Then they said her little infection at the feeding tube site was MRSA.
Here's what MRSA is:
Methicillin-resistant Staphylococcus aureus (MRSA) is a type of bacteria that is resistant to certain antibiotics. These antibiotics include methicillin and other more common antibiotics such as oxacillin, penicillin and amoxicillin. Staph infections, including MRSA, occur most frequently among persons in Hospitals and healthcare facilities (such as nursing homes and dialysis centers) who have weakened immune systems.
MRSA infections that occur in otherwise healthy people who have not been recently (within the past year) hospitalized or had a medical procedure (such as dialysis, surgery, catheters) are known as community-associated (CA)-MRSA infections. These infections are usually skin infections.
Now they are jumping through hoops. I had to wear a mask and gown to see her, her roomate has been moved out and all staff and vistors must wear gloves if they touch her! Nobody said anything about the mask or gloves until my cousin got there and tried to go in the room!

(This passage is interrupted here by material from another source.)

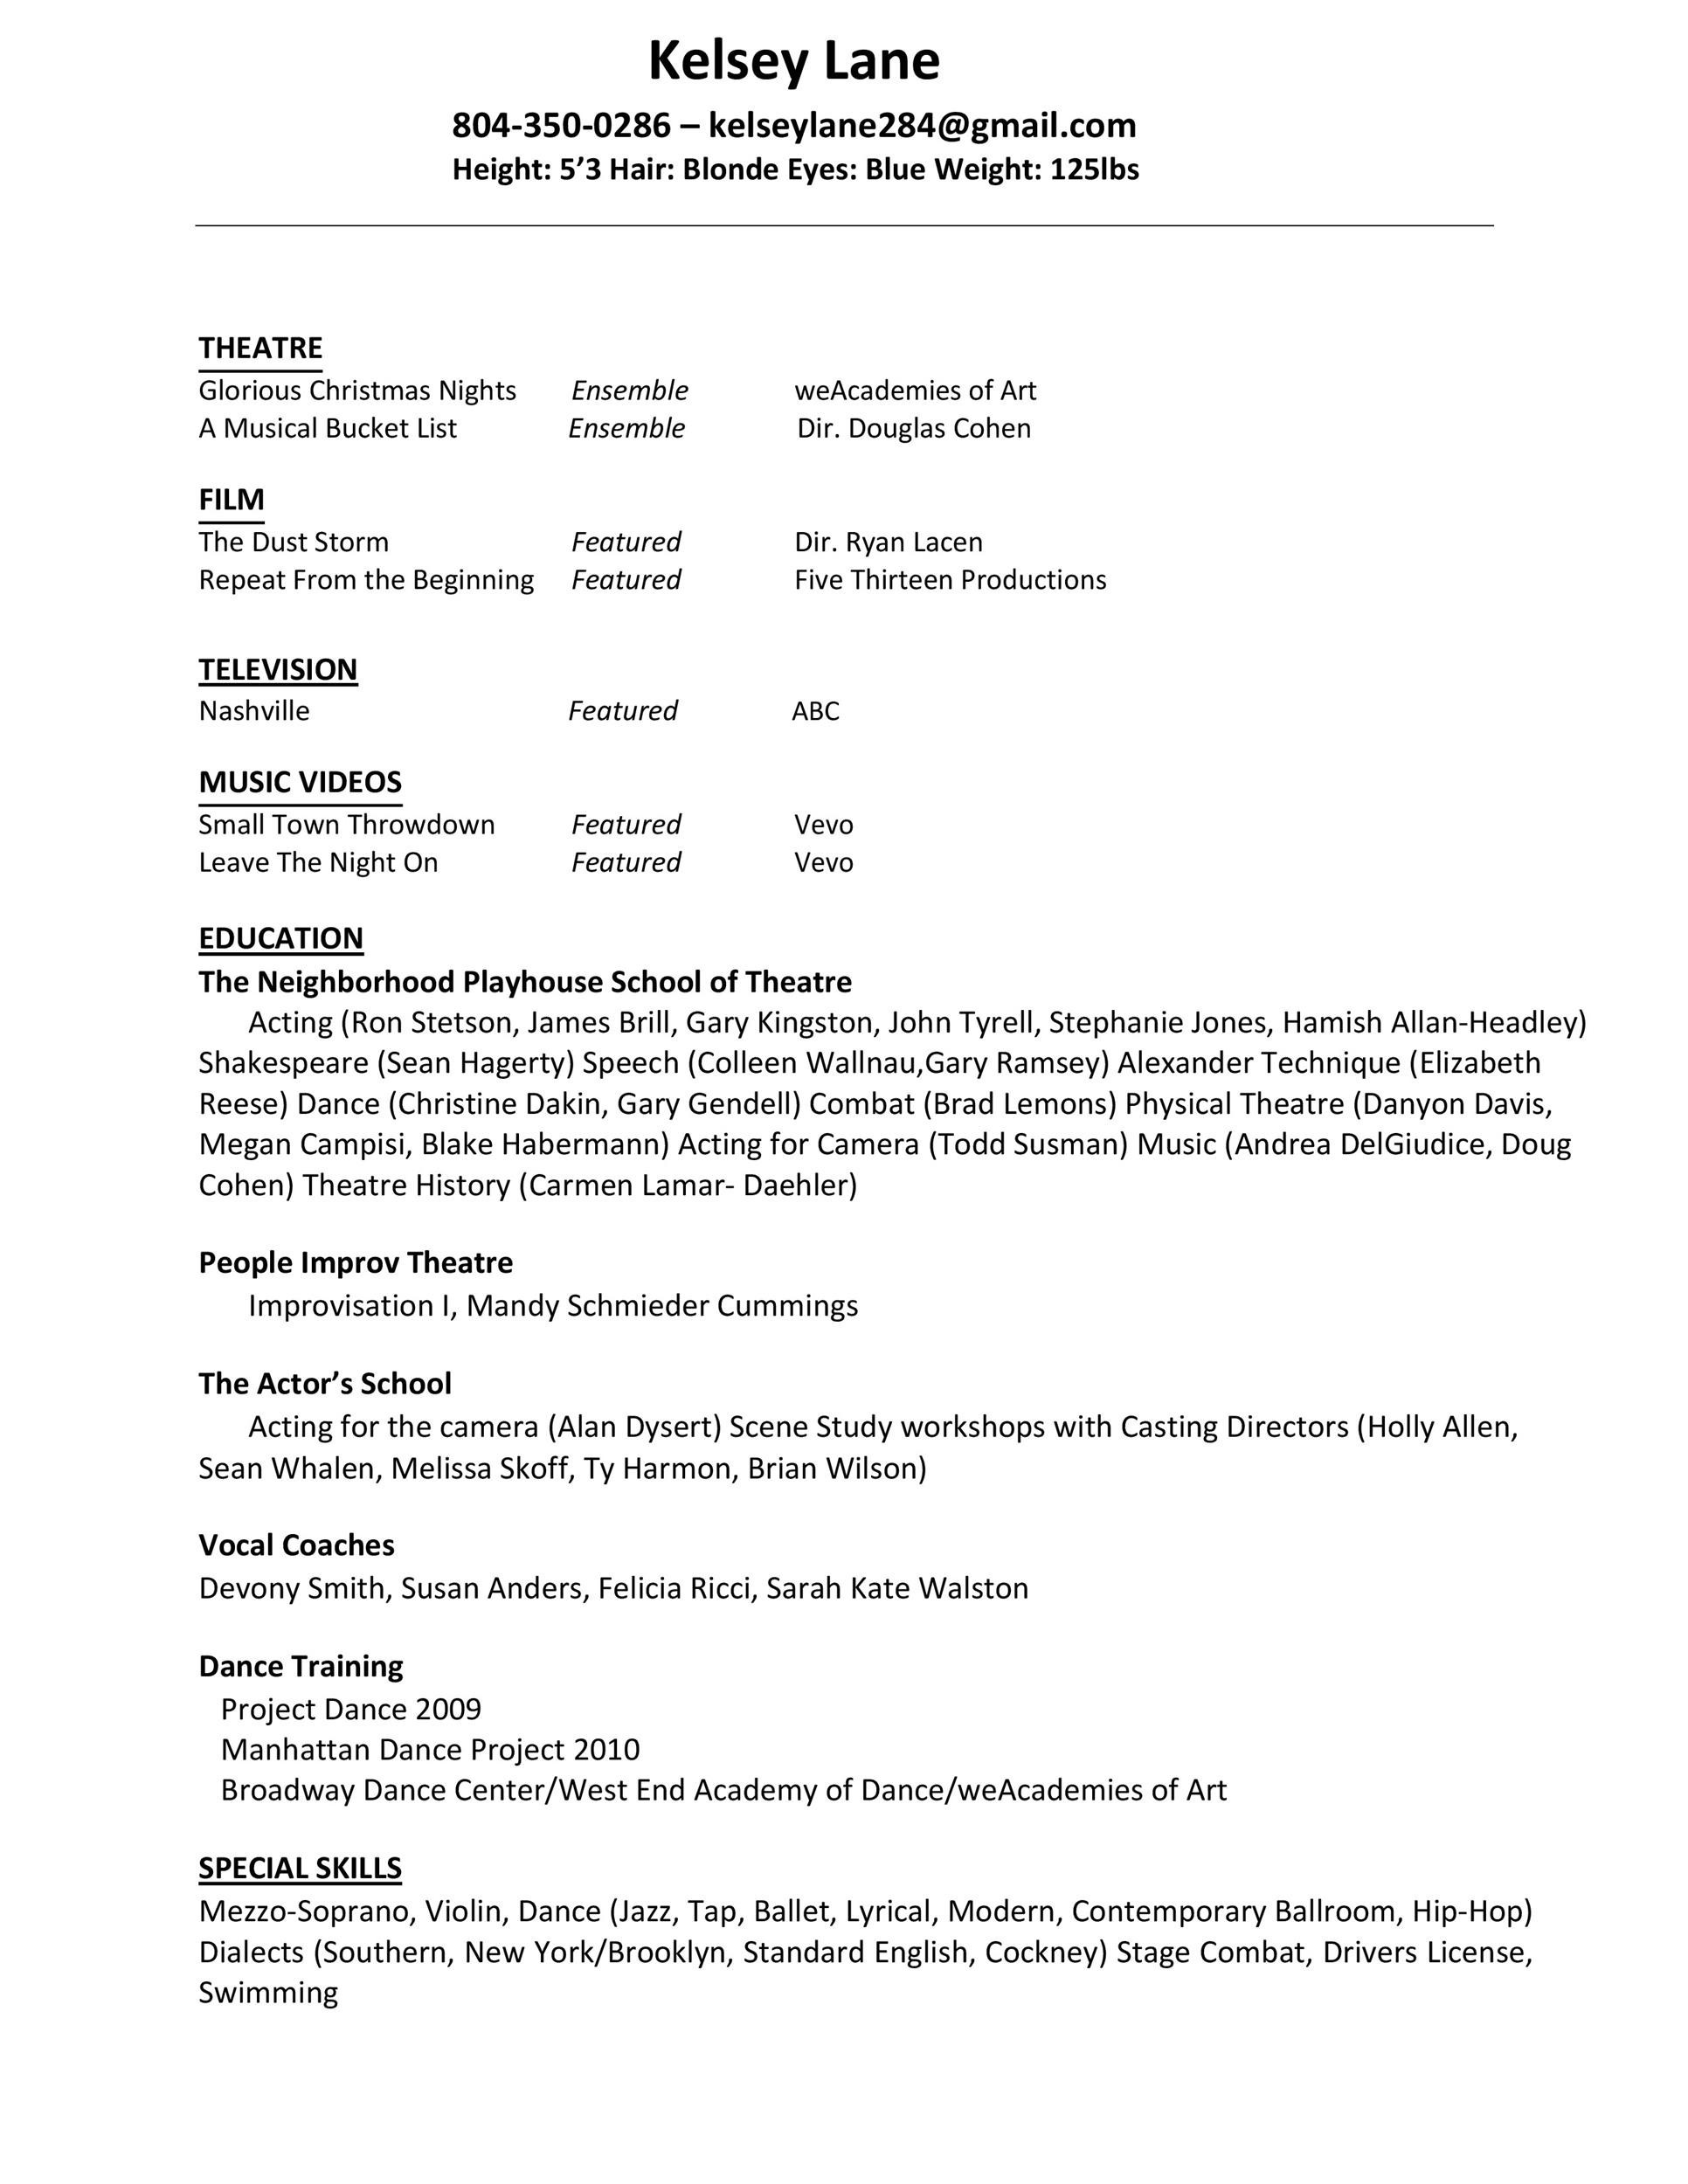 Zip Descargar 50 Free Acting Resume Templates Word Google

We had a good visit with mom, she stayed alert for most of the time but was tiring fast. That's when my cousin saw her asking questions like where am I or what is your name..my cousin is very close to mom and it broke her heart! She calls my name when she wants a nurse now, I am not sure if she knows me from them anymore.
The Dr. finally signed her DNR order, but now they want to remove the feeding tube in her stomach because of the MRSA and feed her with a tube down the throat. I am going to tell them no. She pulled the last one out, now she can't swallow. They can still feed her thru the I.V. while they give her antibiotics.
My cousin brought all the pictures I sent of my Mom and the family. The Nurses all came in to see them. Mom was a model in her youth. It was nice to see Mom smile while they ooooed and ahhed.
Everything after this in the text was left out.